The fate of the Catholic Church in the next few years and decades is not looking very positive or euphoric and I don’t think the Pope’s visit is likely to stop the decline of Catholicism in Germany. I think we will continue to see falling numbers of Catholics unless we experience a major economic downturn.

On a personal note, I have reason to be thankful to Ratzinger, as he indirectly brought me into contact with a brilliant atheist commentator.

After the Pope’s visit to Spain earlier this year I was amazed and gratified to read a blistering attack on him by ex-Catholic Paul Arnold, a former BBC producer who penned a piece for the Costa Blanca News under the heading Sometimes the Pope should put a Sock in It.

I was so impressed by Arnold’s style that I contacted him immediately and asked whether he would consider writing for the Freethinker magazine, and he enthusiastically agreed.
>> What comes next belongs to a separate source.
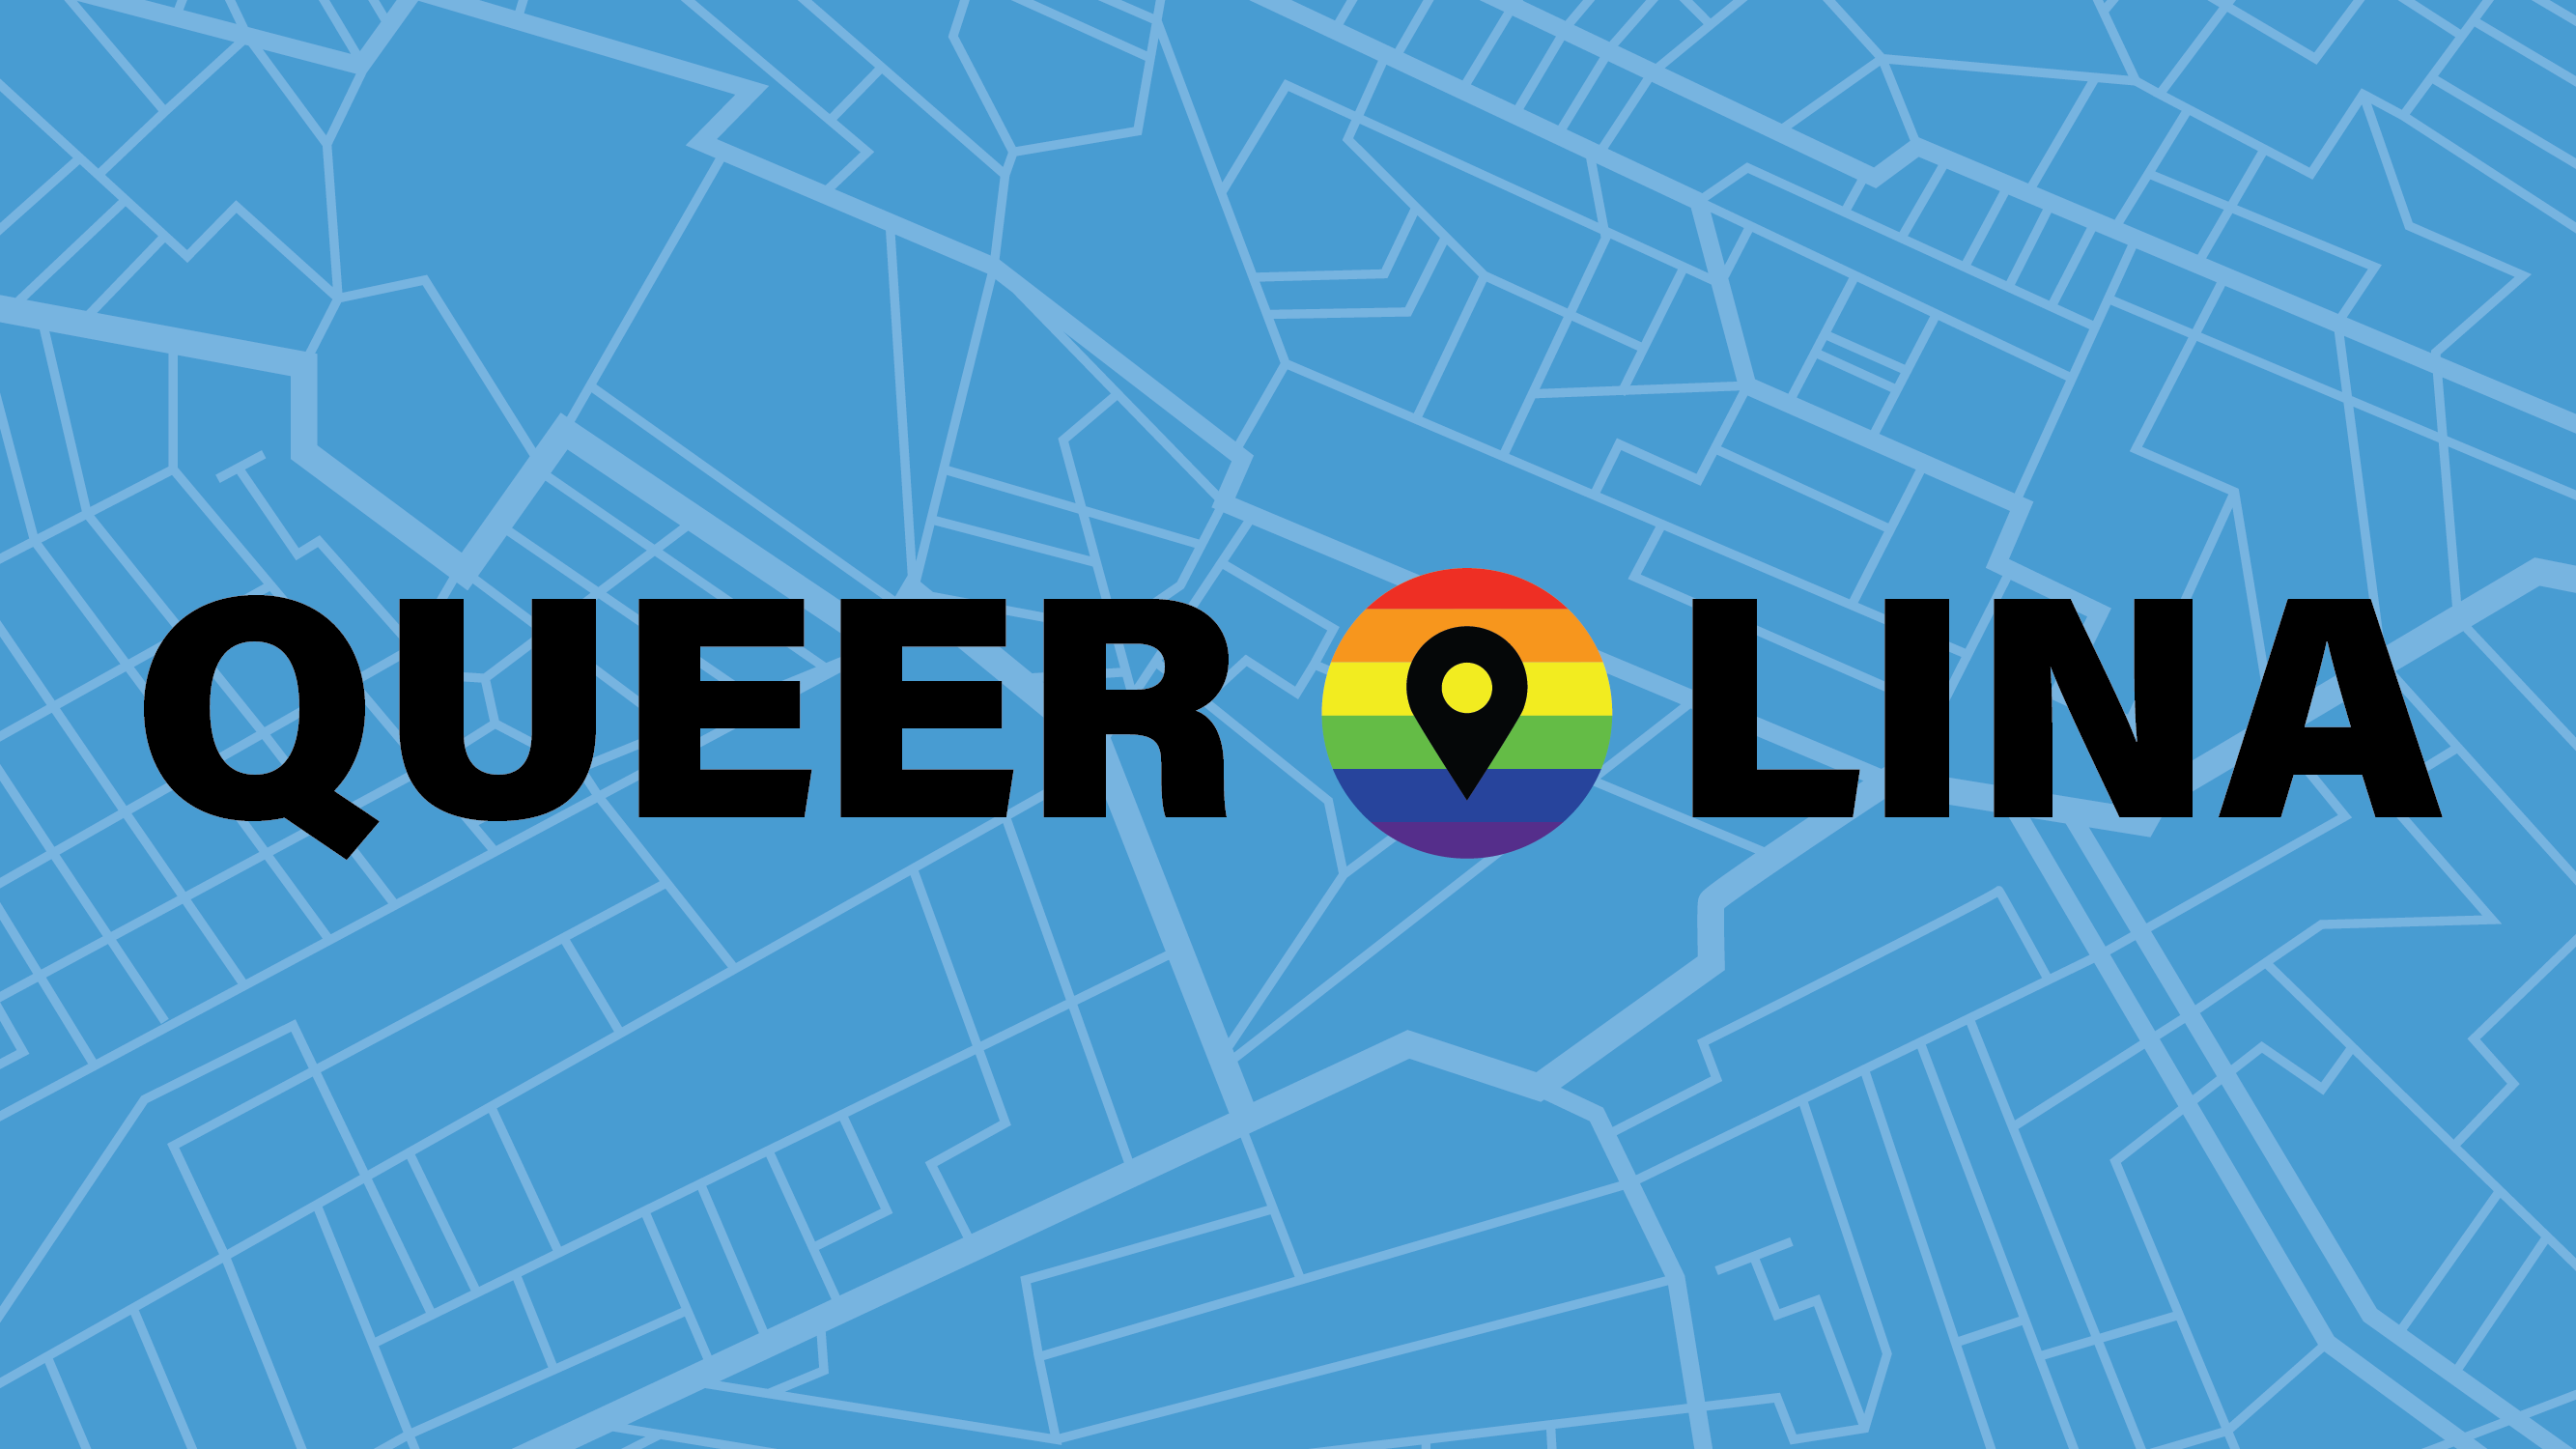 Queerolina: Experiences of Place and Space through Oral Histories

Unfortunately, the CBN did not post Arnold’s piece on the internet, but I have created a link so that you can read it in full.

In his article Arnold lambasted the Pope for making:

The unforgivable clanger of laying the blame (for society’s ills) squarely at the door of secu­larism, and claimed that his religion is the antidote. He has even used the term ‘ag­gressive secularism’ in the past. It’s on these points that me and the pope are going to have a falling out.

He pointed out that:

The Vatican and its minions are unhappy and angry that Church and state are moving further apart. Not only here in Spain, but in other countries in the union. The pope is losing control over the lives of millions of people and control is what the body politic of the Roman Catholic Church once had and is desperate to cling onto.

When he decries secular­ism his message is less about making the world a more har­monious place but more a re­cruitment drive and rallying call to get people to come over to his side of the fence. It is a lust for power and control. He sees Spain as an instrumental part of his plan to rebuild his Church in Europe and to have a greater influence in how we should all lead our lives.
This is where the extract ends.